Judgment was rendered in harmony with the findings of the judge. The case is brought here by writ of error.

We quote from the brief:

“The court took into consideration the first account filed by the administrator and allowed by the probate court, from which allowance no appeal had been taken. That is not permissible under the decision of this court in the absence of fraud; i. e., to say fraud in the allowance of the first account and no such fraud has been shown. See Morton v. Johnston, 124 Mich. 561 (83 N. W. 369); Nowland v. Rice’s Estate, 138 Mich. 148 (101 N. W. 214); In re Ward’s Estate, 152 Mich. 240 (116 N. W. 23); In re Corby’s Estate, 154 Mich. 355 (117 N. W. 906).”

And it is argued that, as the administrator testified to the rendition of the services and their value, there was nothing for the court to do except to allow the account. A reference to the cases cited will show they are not controlling as claimed.

The record shows a strange attitude on the part of the administrator. Instead of collecting and conserving the estate for the benefit of the widow, if there should be one, and such heirs at law as might appear, the firm of which he is a member have been acting from the beginning for some of the heirs at law, and the administrator has seemed to think it ,was part *286of his duty to defend against the claim of the widow or her representatives for such allowances as the statute gave her.
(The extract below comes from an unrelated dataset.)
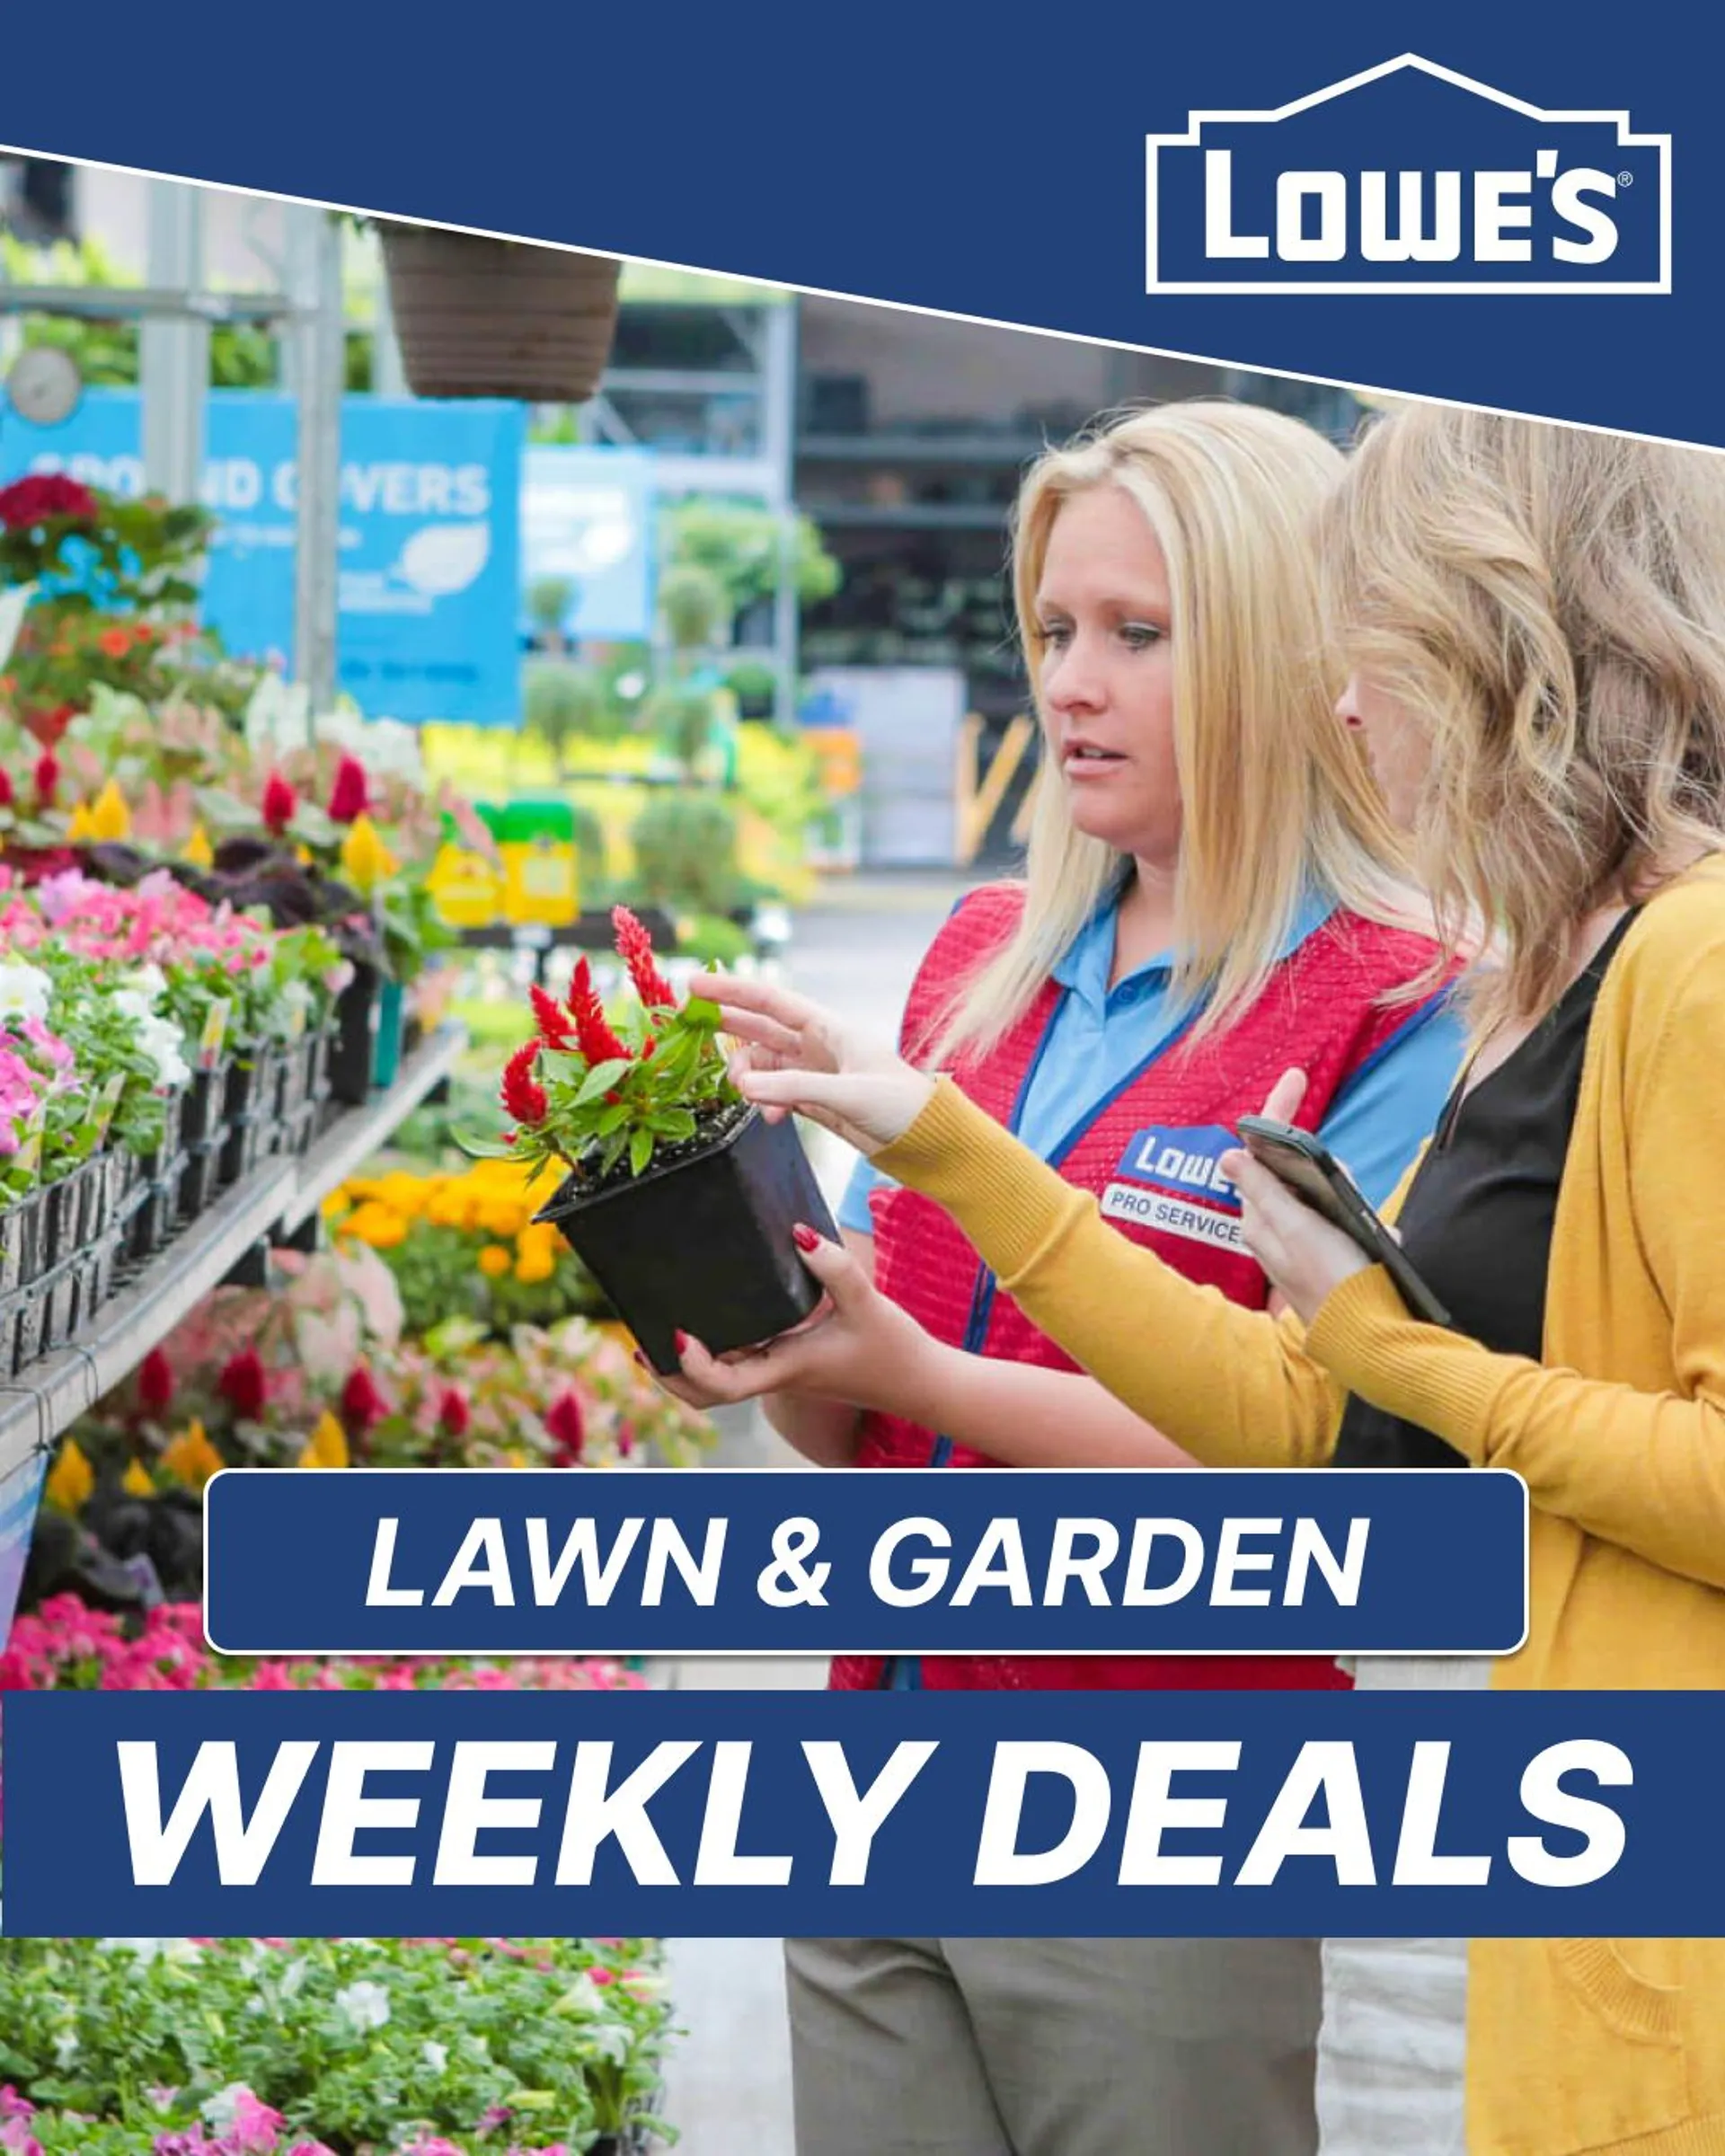 Lowe's - Lawn & garden deals 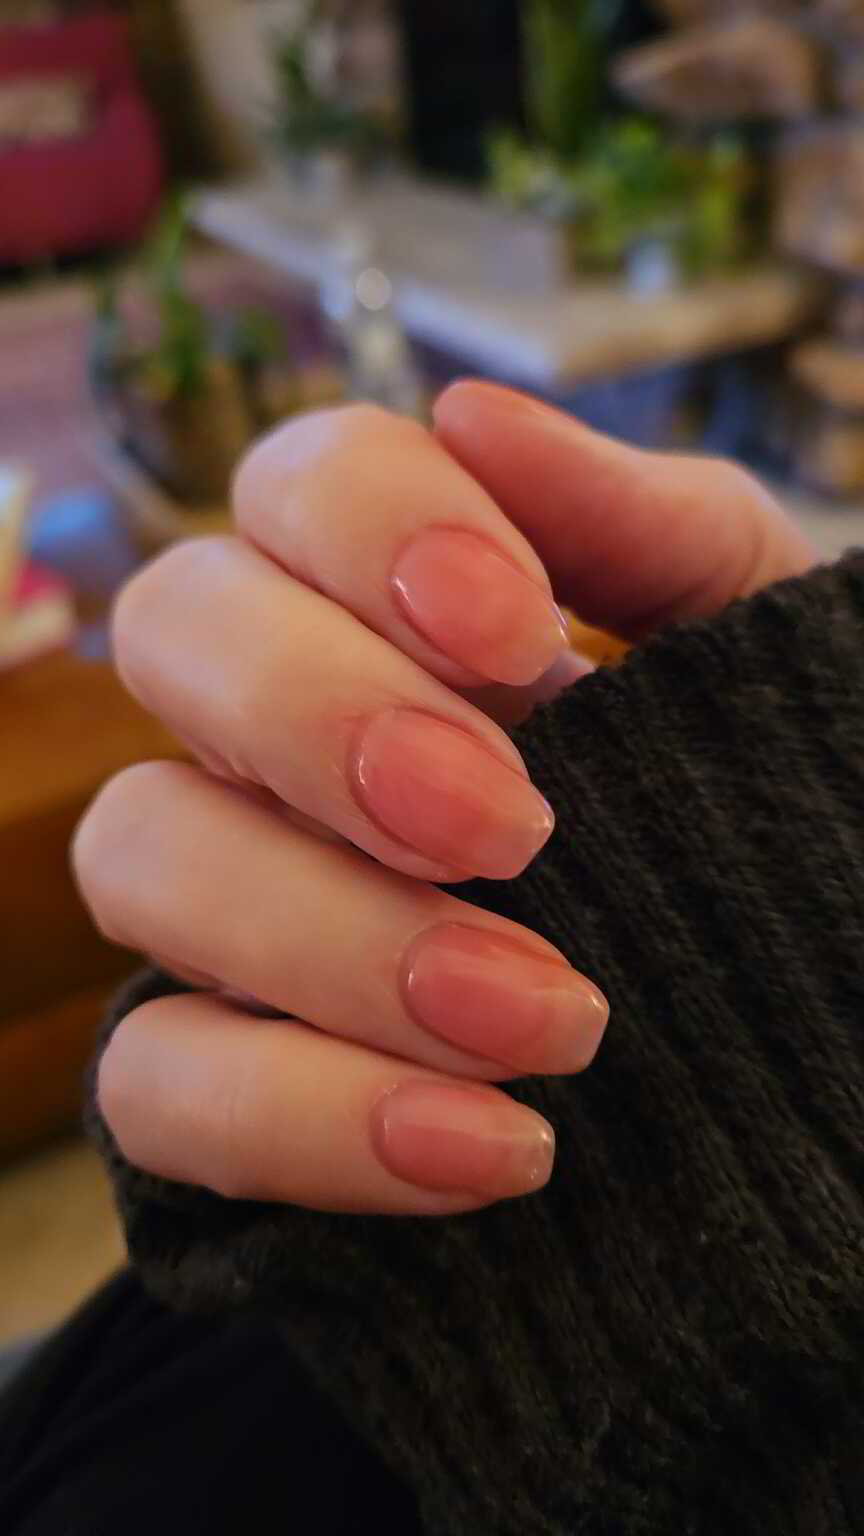 Nail polish manicure of shade Revel Luci

The record shows that this little estate, to say the least, has been very unfortunately managed. Without going into details, an examination of' it shows the court was quite right in saying the administrator had performed no extraordinary services for said estate since the filing of his first account which entitled him to more than the statutory fees.

The judgment is affirmed, with costs to appellee.

Stone, C. J., and Kuhn, Ostrander, Bird, Steere, Brooke, and Person, JX, concurred.